抗生物質使用のガイドラインは、現代医学において最も大きな利害を伴う公衆衛生の難問の一つである。 抗生物質は、致命的な細菌性疾患に対する私たちの主な治療法であり、毎年何百万人もの死を防いでいるが、予防的な抗生物質投与の利点に関する新たなエビデンスも出てきている。 例えば、小児死亡率の高い地域で健康な小児にアジスロマイシンを先制投与すると、他の標的介入策の大半の能力をはるかに超えて生存率を高めることができます。 逆に、 抗生物質の使用は、 地域社会における抗生物質耐性の蔓延、 治療不可能な多剤耐性感染症の割合の増加、 そして最終的には抗菌剤の枯渇につながるという有力な証拠がある。 したがって、抗生物質の適切な使用は、患者の予後を改善するための医療上のベストプラクティスと、地域レベルでの抗生物質使用によるより広い公衆衛生上の意義との間のトレードオフである。 このトレードオフのバランスをとることは、地域社会における抗生物質使用の大幅な増加が、症状の悪化によってのみ引き起こされる「反応的」処方戦略と比較して、中耳炎の即時治療の場合のように、健康上の利点がやや小さい場合、特に困難である … この問題に対するエビデンスに基づく解決策を提案するには、細菌キャリッジの伝達を支えるメカニズム、および非感受性株の導入と維持を支配する選択圧を理解し、定量化する必要がある。

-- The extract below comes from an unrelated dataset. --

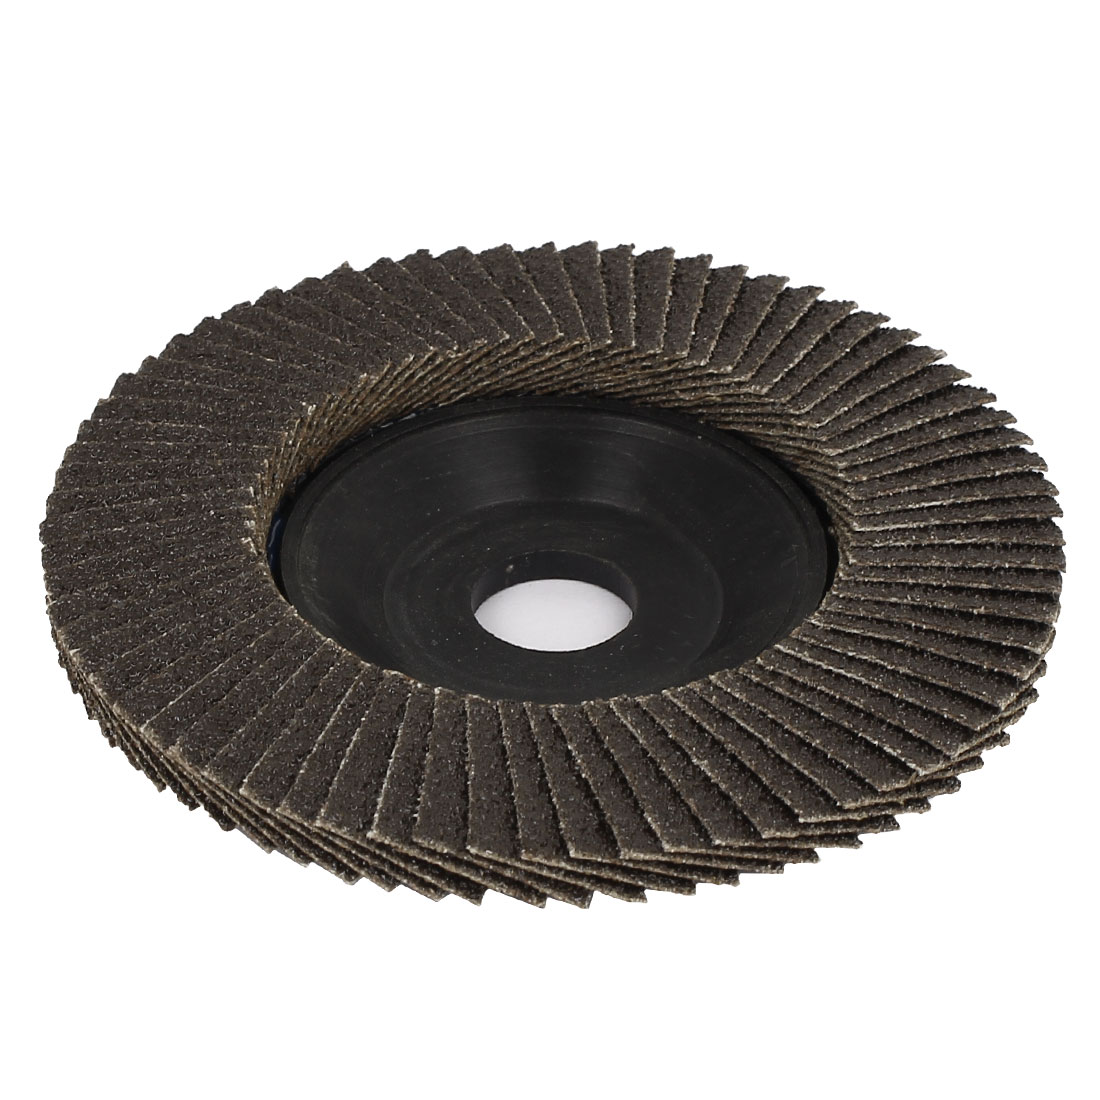 10cm Outside Dia Flap Sanding Disc Grinding Wheels 80 Grit

これらのメカニズムを解明するために、Lewnard らは、The Journal of Infectious Diseases の本号で、ペニシリン非感受性肺炎球菌キャリッジに対する抗生物質処方の個人レベルの効果を調べた。 著者らは、無作為化二重盲検プラセボ対照試験の二次解析として、急性中耳炎でプライマリーケアに通院する小児に対し、アモキシシリン・クラブラン酸塩療法を即時投与する場合と事後投与する場合の効果を、2ヶ月間のフォローアップ期間で検討した。 中耳炎は高所得環境における小児への抗生物質処方の主な理由であり、全体の抗生物質使用量に大きく寄与しているため、中耳炎に対する抗生物質処方の臨床的影響と選択圧力の両方を理解することは、抗生物質処方戦略の最適化に重要な役割を果たすと考えられる。

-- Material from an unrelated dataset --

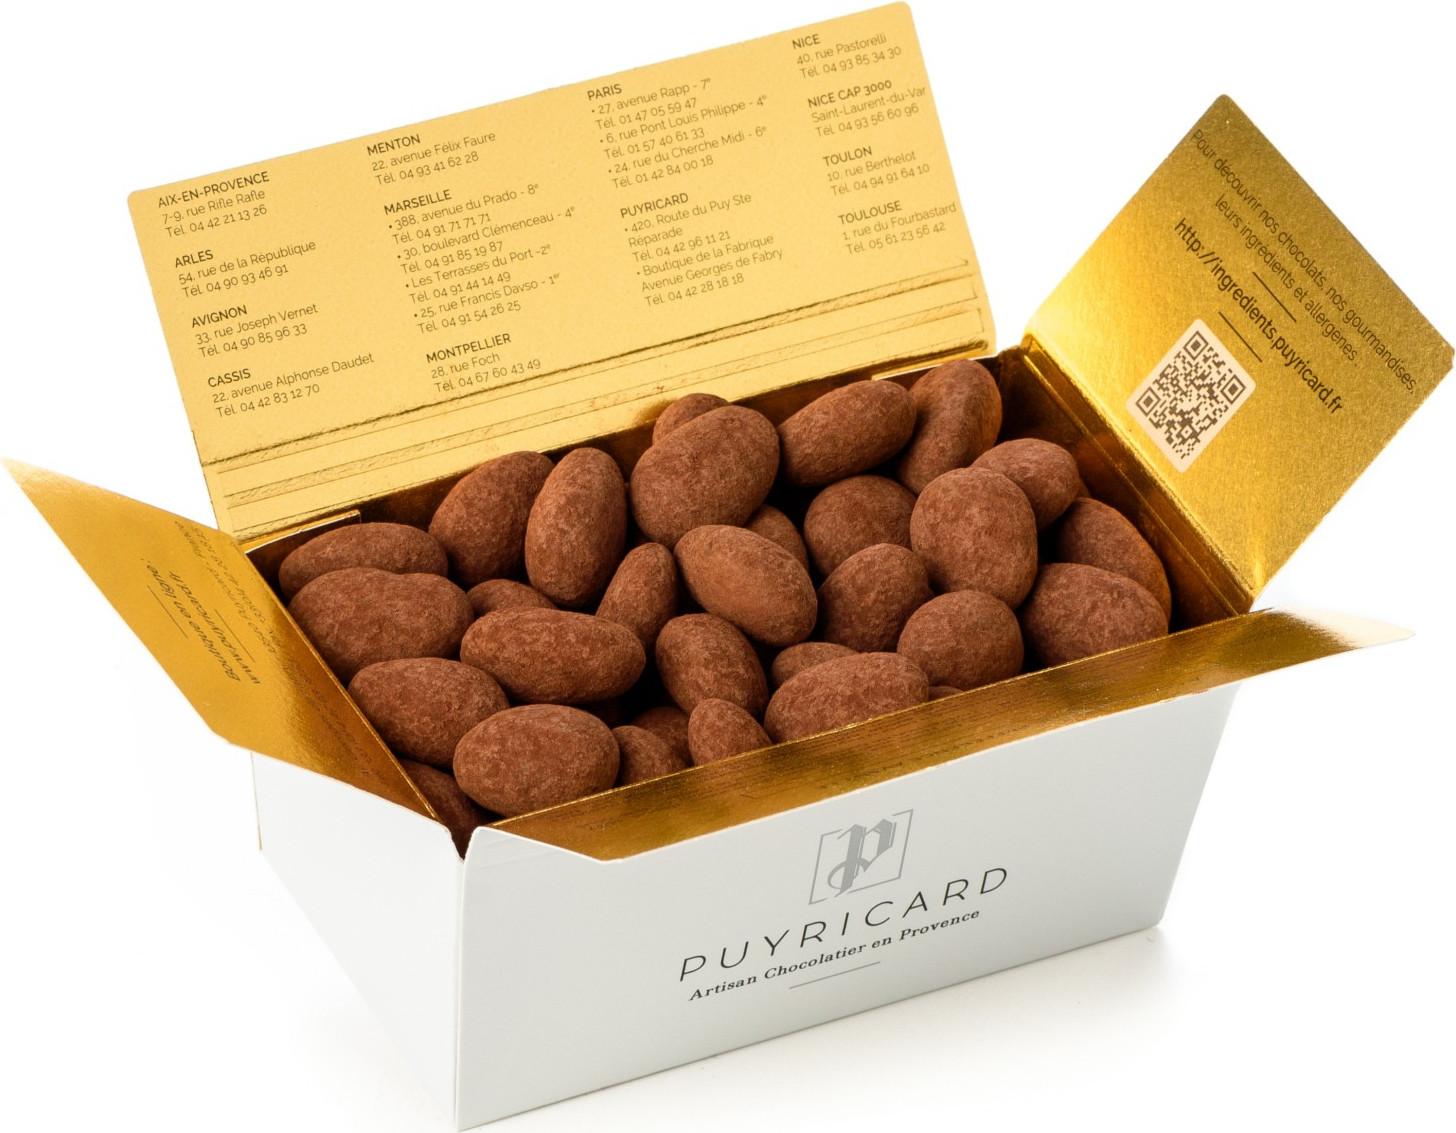 Ballotin d'Amandas Avelinas pâte de truffe cacao 1kg

この再解析は、診断後すぐに処方する戦略が、非感受性株の体力的優位性をもたらすという明確な証拠を示している。アモキシシリン-クラブラン酸ベースの治療は、ペニシリン感受性肺炎球菌の車両有病率を大幅に低減するが、その非感受性株は減少させない。 最大の効果は、プラセボ群に対して感受性株を88%減少させたことであり、登録から1週間後、治療コース終了後の最初のフォローアップ訪問で確認されたものである。 さらに、登録から2ヵ月後、治療群のペニシリン感受性肺炎球菌の保有率は回復していたが、治療前よりもはるかに低いレベル(52%対30%)、対照群よりもわずかに低いレベル(41%対30%)にまで低下していた。 さらに、この研究は、この体力的な優位性が2つのメカニズムによってもたらされることを示す証拠を示している。 第一に、治療により鼻咽頭から常在するペニシリン感受性株が優先的に除去され(治療直後のキャリッジ有病率7%対61%)、治療終了7週間後にはペニシリン感受性株のキャリッジ有病率が低下した(35%対64%)ことが認められた。 第二に,治療により感受性株の再コロニー化が積極的に阻害され(登録時にコロニー化していない被験者の治療終了時の有病率は2% vs 9%),おそらくコース終了後の数日から数週間の間にも阻害される可能性がある(治療終了1週間後の有病率は2% vs 12%)。 これら2つのメカニズムにより、治療群では感受性株が除去され、空いたニッチができる。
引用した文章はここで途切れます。